A run using incremental sync should not take more time than a run not using it. If it’s the first time you run an incremental sync, it should take the same time, as there is nowhere to start incrementing from.

However, there are other unrelated reasons why a sync could be slower than a previous one. Examples are a slightly different sync configuration that triggers more rows to be synced, the endpoint could be temporarily slower, you could be rate limited, the immediate network from where you’re running the sync could be experiencing congestion, etc.

Okay, that makes sense for the Inspector2 findings options part.

But, I can see that the API is calling many times and after some hours the sync is being successful. The first time I synced, it took 2.5 hours, and the second time I synced, it took around 9 hours.

I will put the same filter (getting only high and critical vulnerabilities, for example) to reduce entries. Will the Inspector2 table still be refreshed every day?

Also, if the incremental sync only collects new data from the last sync time, then what happens to old data that is not valid anymore? For example, if AWS clears some Inspector findings from their service, will that still be showing in our database?

If the table options don’t change, then an incremental sync should only sync new results from the API, not a full refresh. The sync happens as often as you trigger it, so if you trigger it every day, new results will be synced every day.

Old data which is not valid anymore would disappear from your destination database if you do a full (non-incremental) sync, assuming the AWS endpoint is not returning it anymore. Otherwise, it would stay.

It’s not normal for the same sync to take 2 hours one time and 9 hours the second time, if the destination data is the same. This could be a bug.

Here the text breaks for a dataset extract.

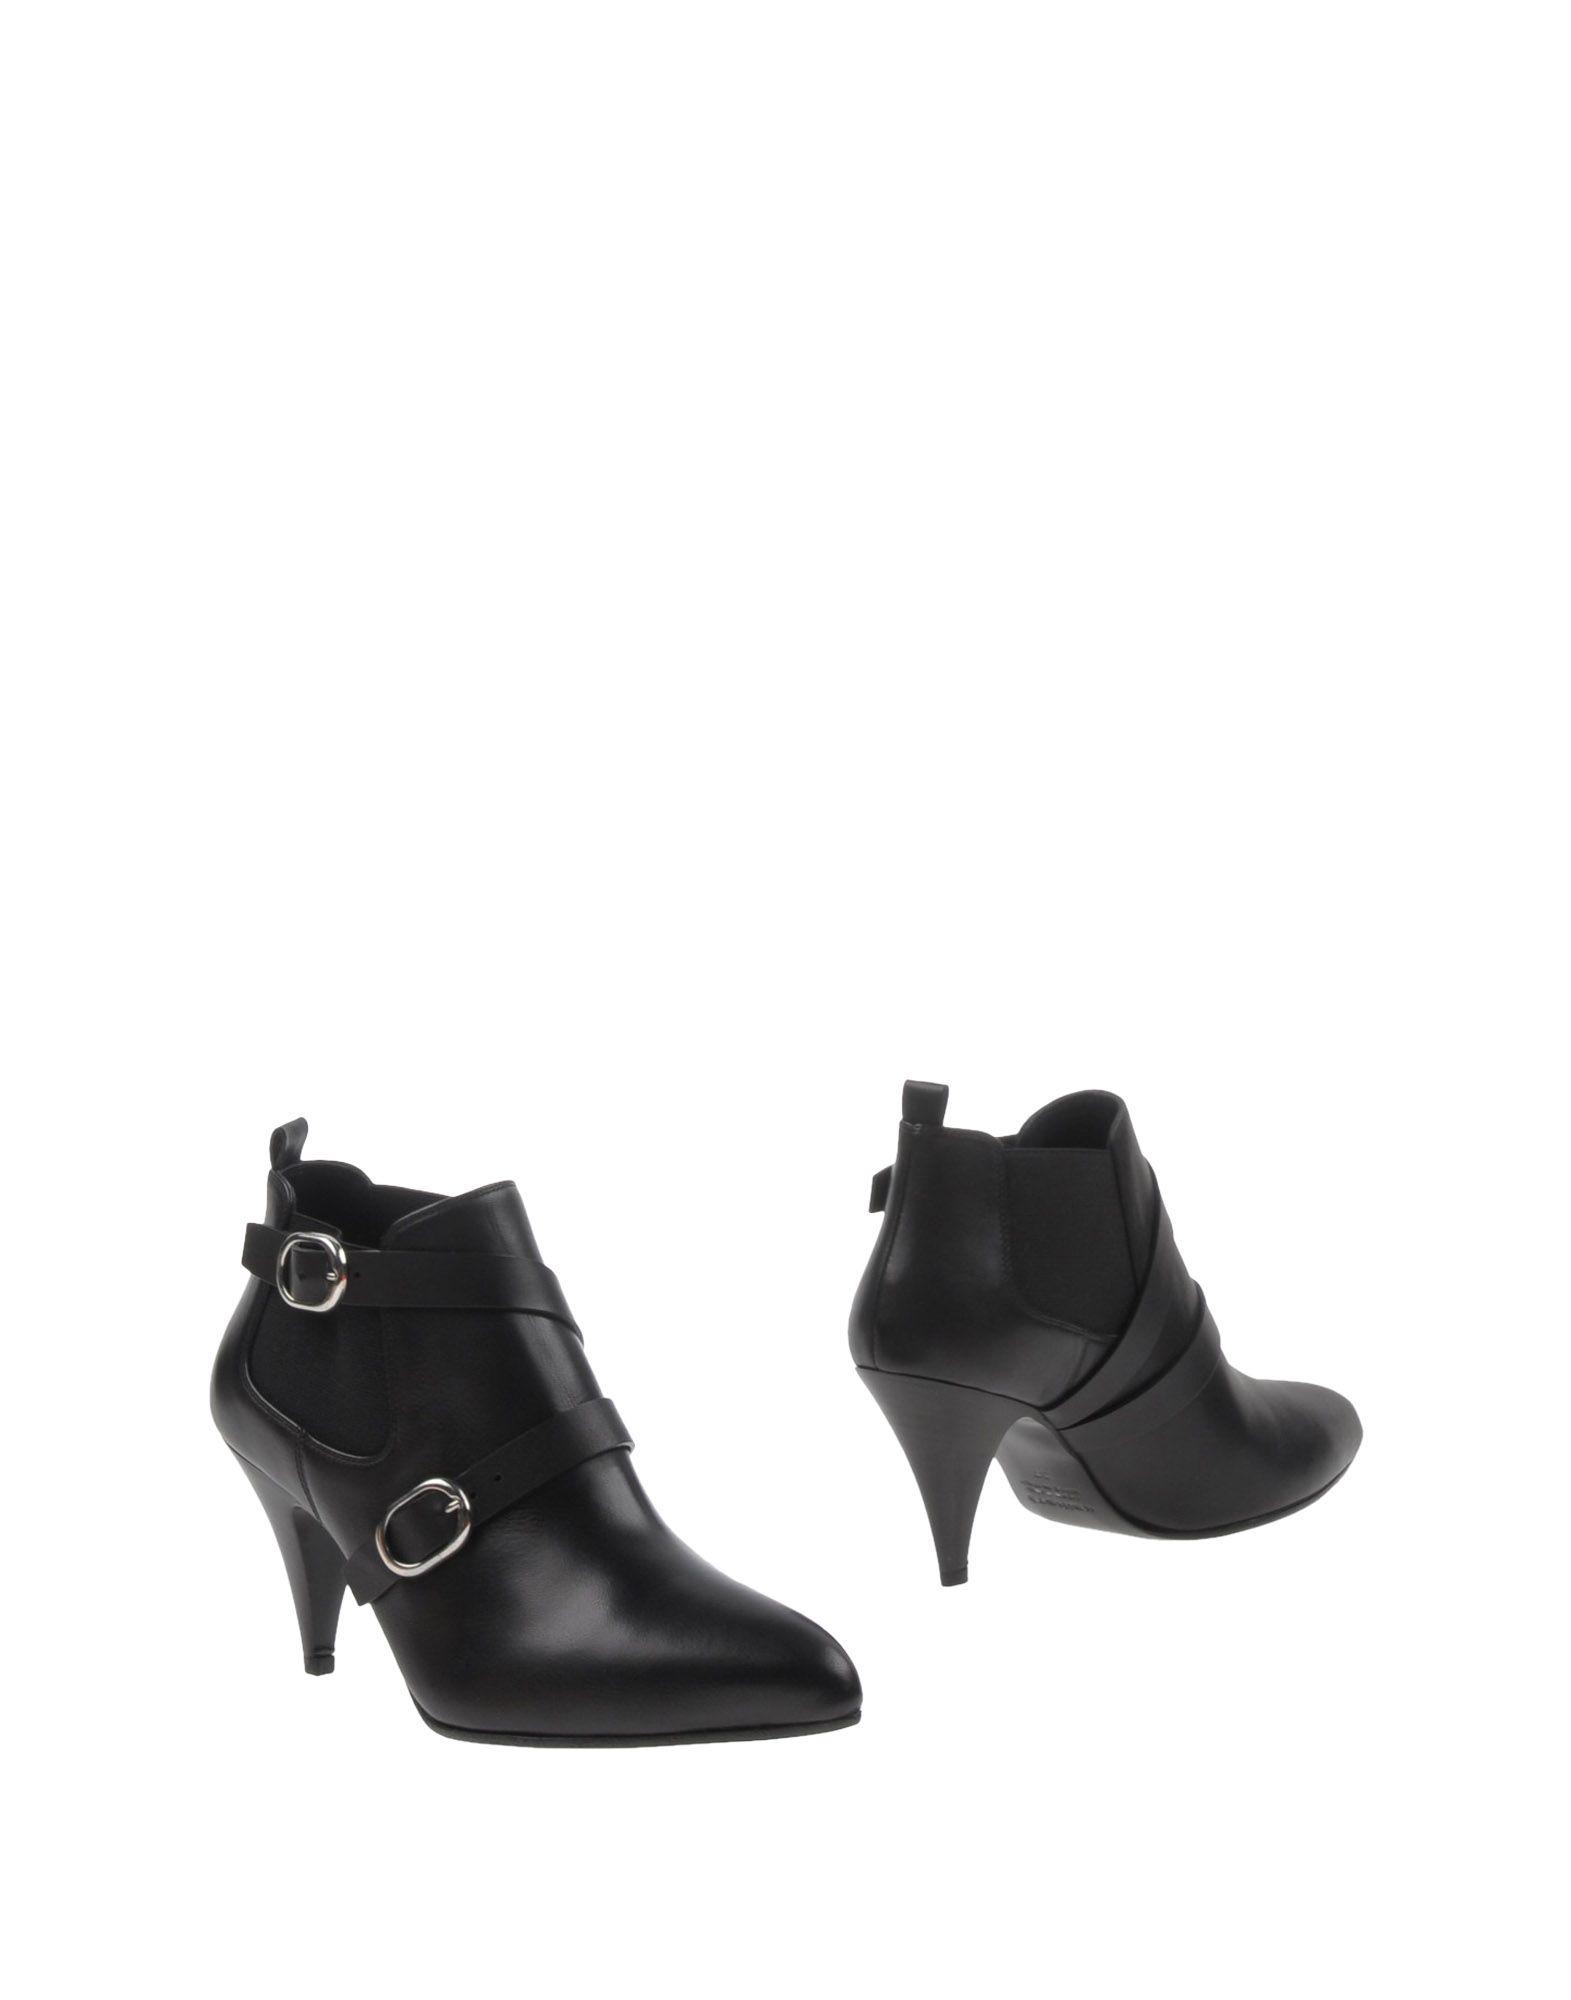 Kallistè Stiefelette Damen  11359991JJ Gute Qualität beliebte Schuhe

You could open an issue, or perhaps share the full configuration you used on both syncs and we can take a look.

Makes sense, thanks for the information.

Yeah, the configuration for incremental sync is:

kind: source
spec:
    name: "xxxxxxxx_incremental"
    path: "cloudquery/aws"
    version: "25.5.3"
    tables:
         - aws_inspector2_findings
     spec:
         accounts:
             - id: "xxxxxx"
     destinations: 
         - postgresql
     backend_options:
     table_name: cq_state_aws
     connection: '@@plugins.postgresql.connection'

CQ CLI version - 5.20.1
PostgreSQL version - 7.1.2
AWS version - 25.5.3

It is the same configuration for both the runs.

Also, can you explain to me here, if for one AWS account, if I have 300 vulnerabilities that should be added into the DB, then will this CloudQuery API be called 300 times? (i.e., for each and every vulnerability being logged, will it call those many times?)

@funny-whale - Not sure if it was just a typo when copying the config, but table_name and connection need to be indented, like this:

kind: source
spec:
  name: "xxxxxxxx_incremental"
  path: "cloudquery/aws"
  version: "25.5.3"
  tables: ["aws_inspector2_findings"]
  destinations: ["postgresql"]
  backend_options:
    table_name: cq_state_aws
    connection: '@@plugins.postgresql.connection'
  spec:
    accounts:
      - id: "xxxxxx"

The CloudQuery usage API is intended to be called periodically (every x seconds or when a counter hits a specific threshold). I see that you are running an older version of the plugin; I would encourage you to upgrade to the latest version (v27.5.0).

Okay, will check it and let you know.
It’s a typo @ben

@funny-whale regarding your question:

Also, can you explain me here, if for one AWS account, if I have 300 vulnerabilities that should be added into the database, then will this CloudQuery API be called 300 times? (i.e., for each and every vulnerability being logged, will it call those many times?)

ListFindings returns a paginated response. Each page has some number of items. So no, it wouldn’t make 300 requests. The number depends on the page size. I think you can set the page size with the max_results option (ListFindingsInput) in your table_options config, but I think the defaults should be sensible.